■ PROBLEM TO WORK ON
The lines you should transcribe are those from the one containing "These stunning 1950s" to the end of the listing below, exactly, with pictures left out.

■ GIVEN INFORMATION

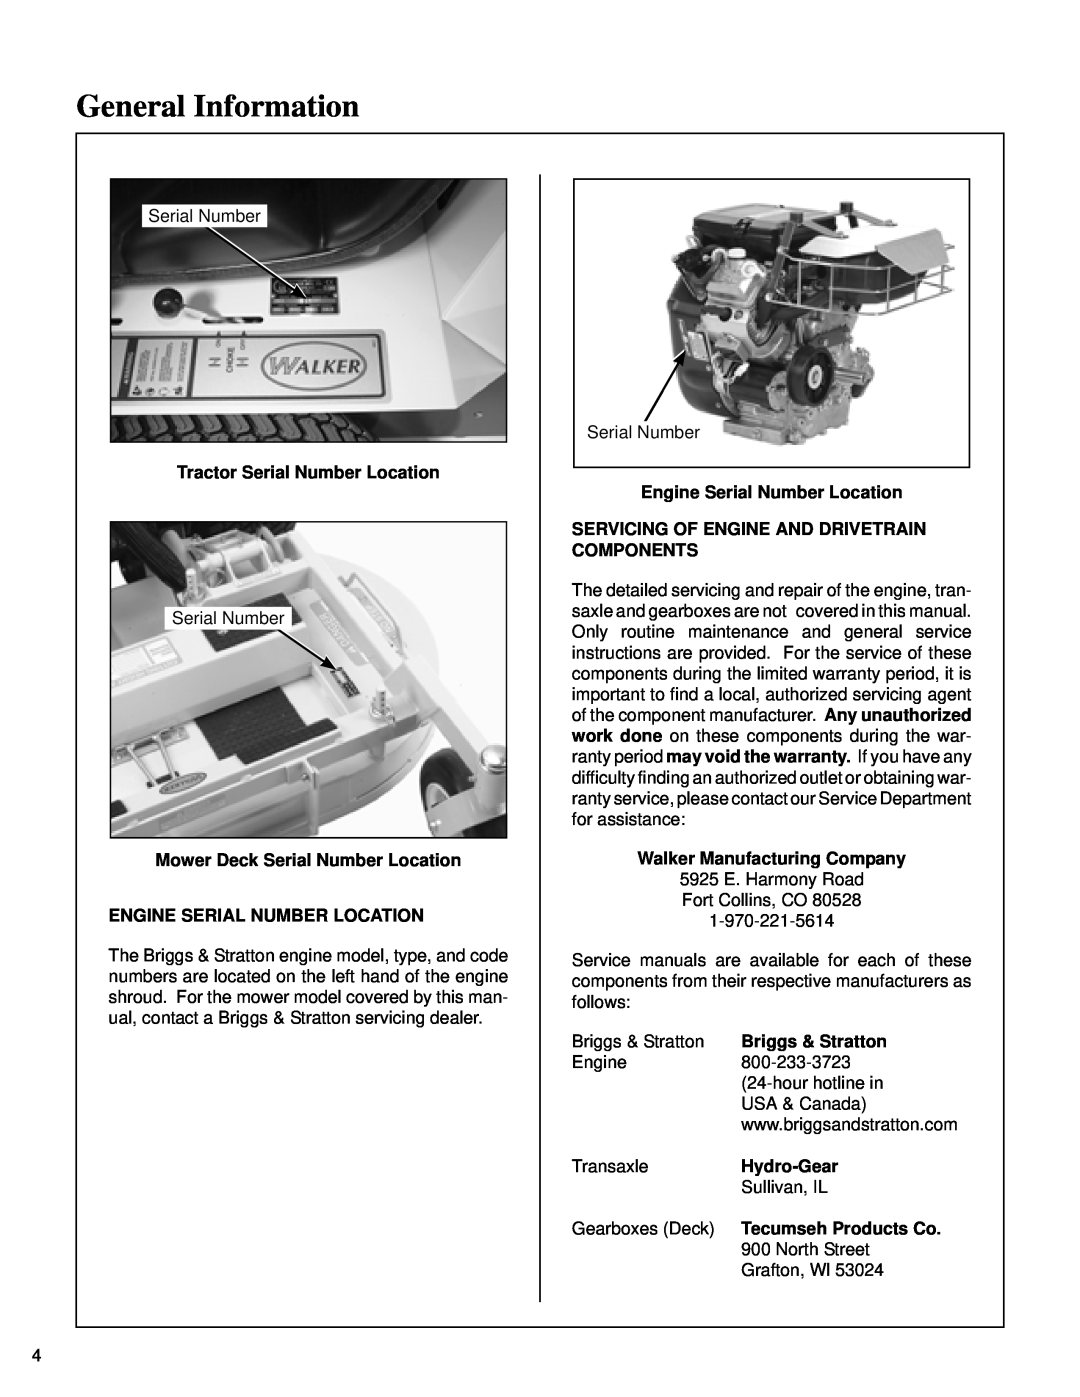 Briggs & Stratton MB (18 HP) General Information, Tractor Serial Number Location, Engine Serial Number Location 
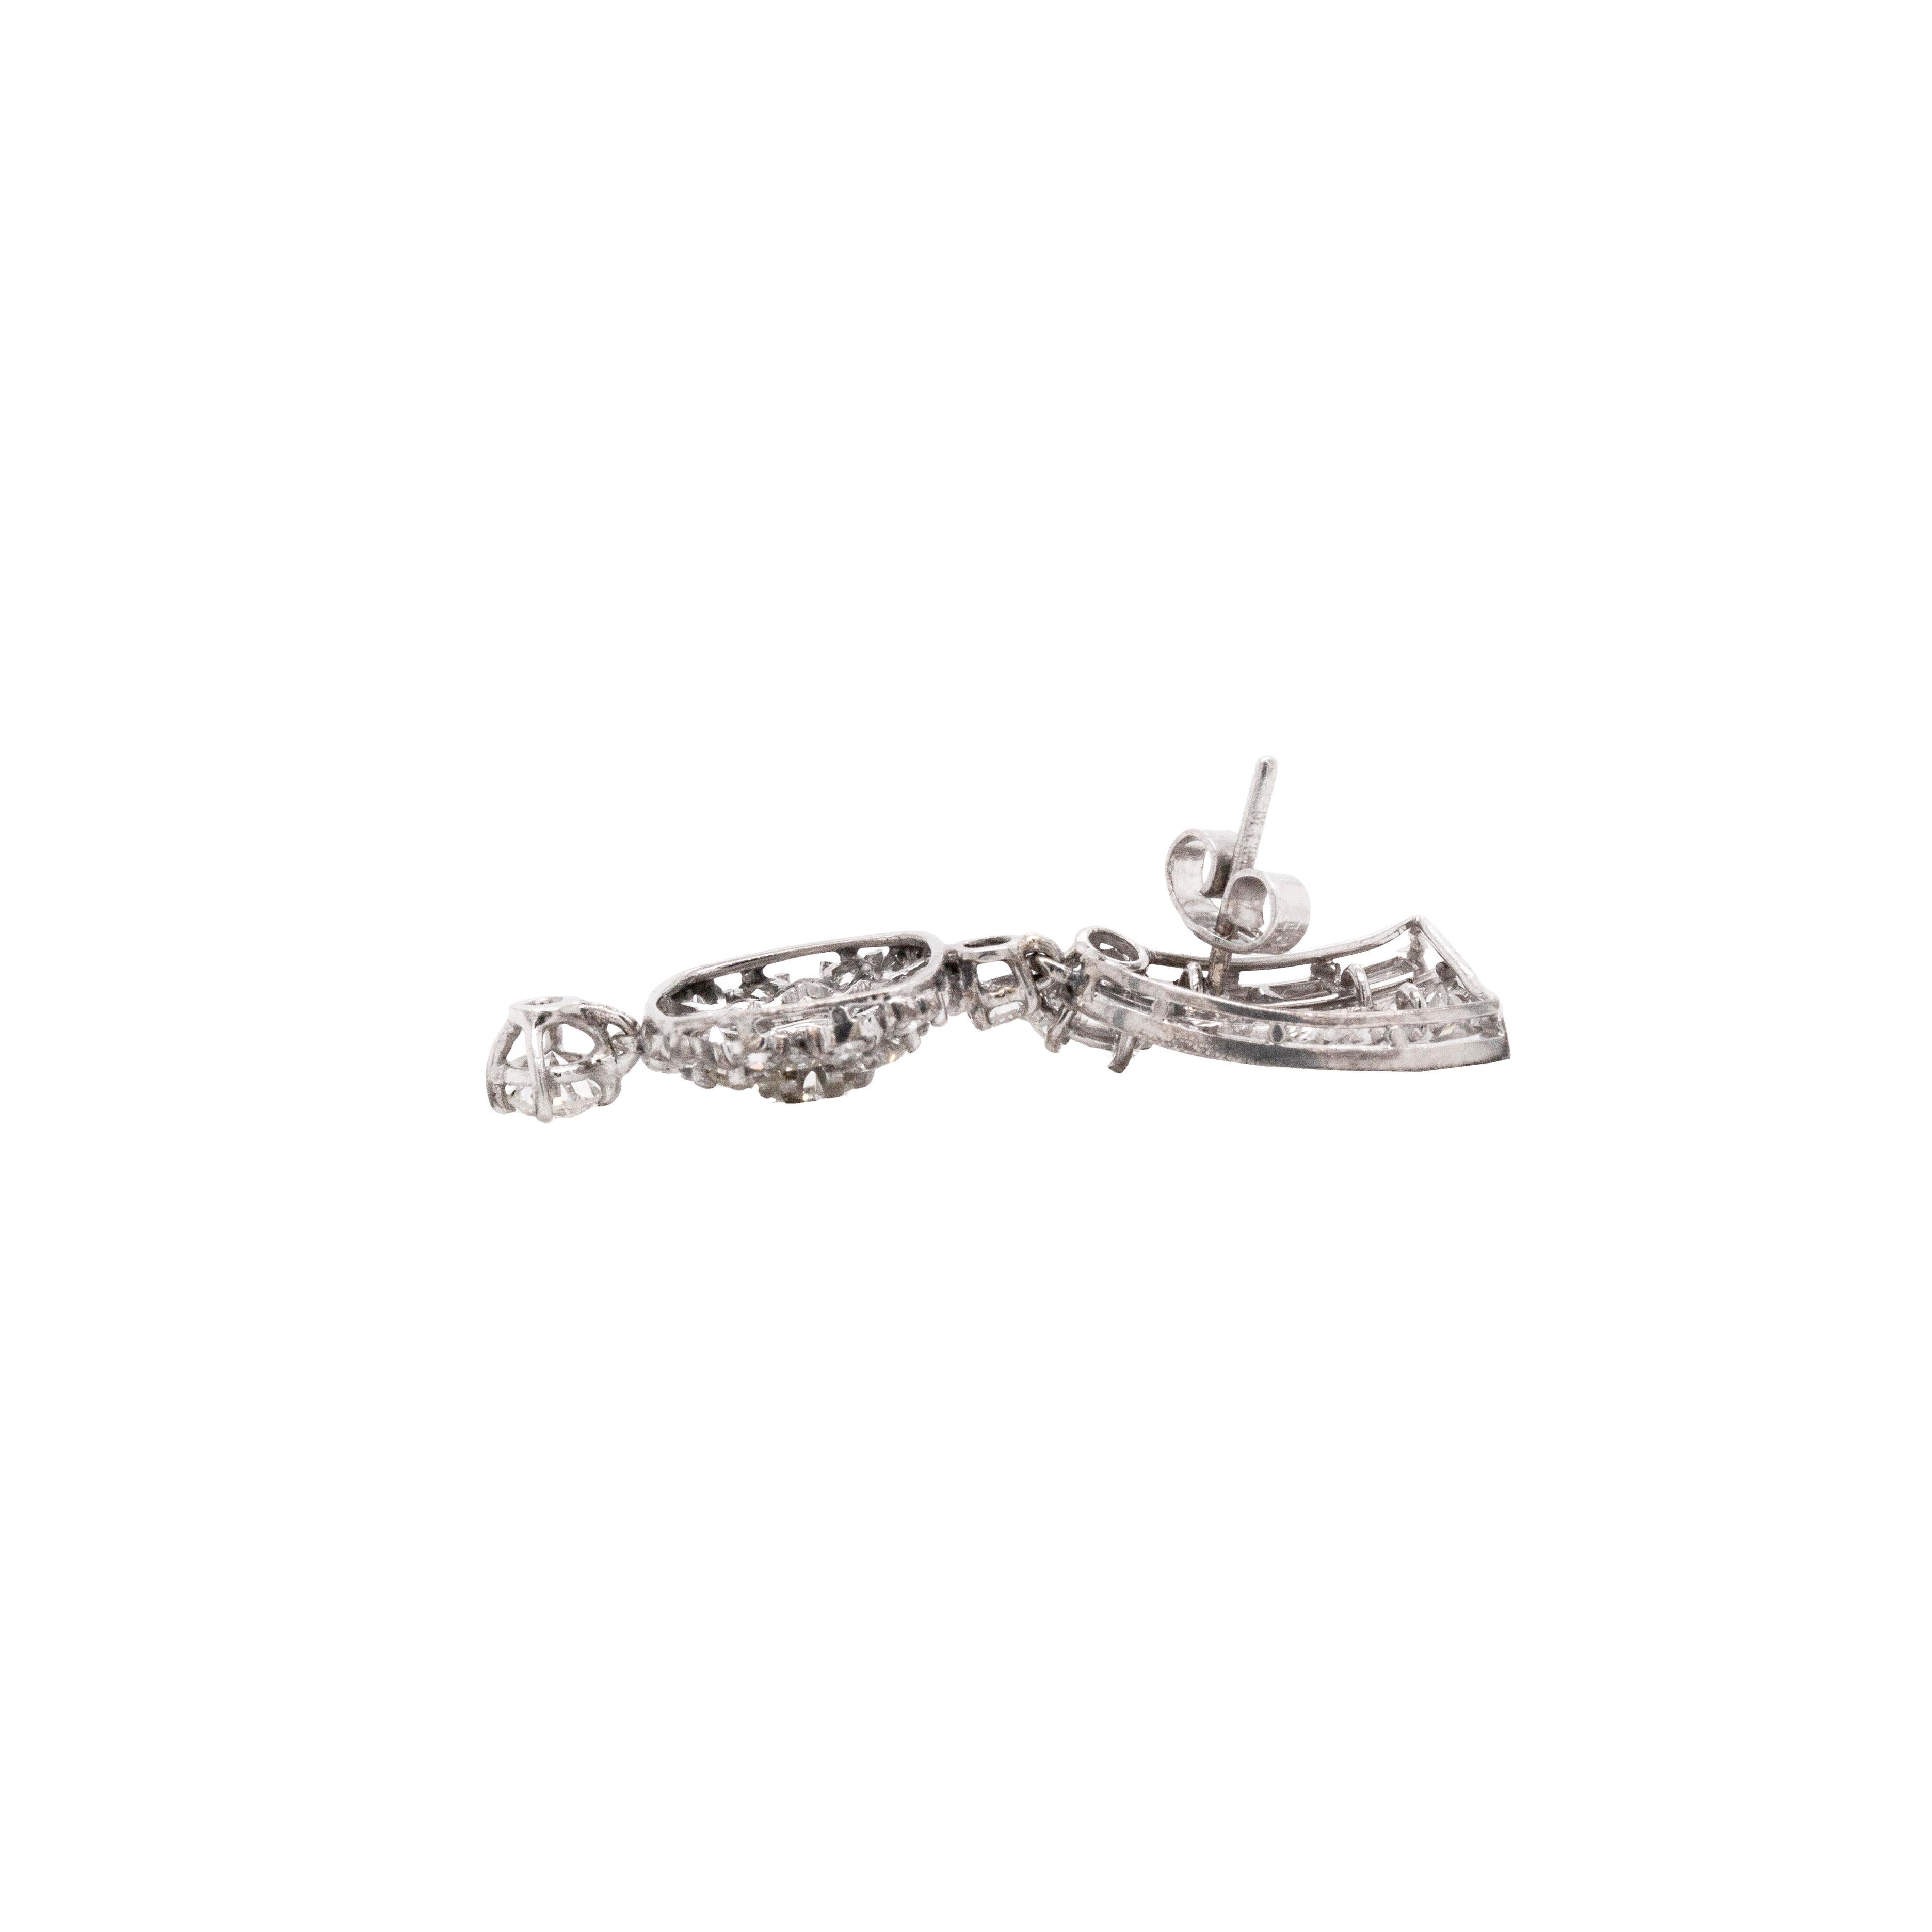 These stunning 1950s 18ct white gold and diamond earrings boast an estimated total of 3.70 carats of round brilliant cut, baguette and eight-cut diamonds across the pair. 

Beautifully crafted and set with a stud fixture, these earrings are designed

■ RESPONSE TO THE TASK
 These stunning 1950s 18ct white gold and diamond earrings boast an estimated total of 3.70 carats of round brilliant cut, baguette and eight-cut diamonds across the pair. 

Beautifully crafted and set with a stud fixture, these earrings are designed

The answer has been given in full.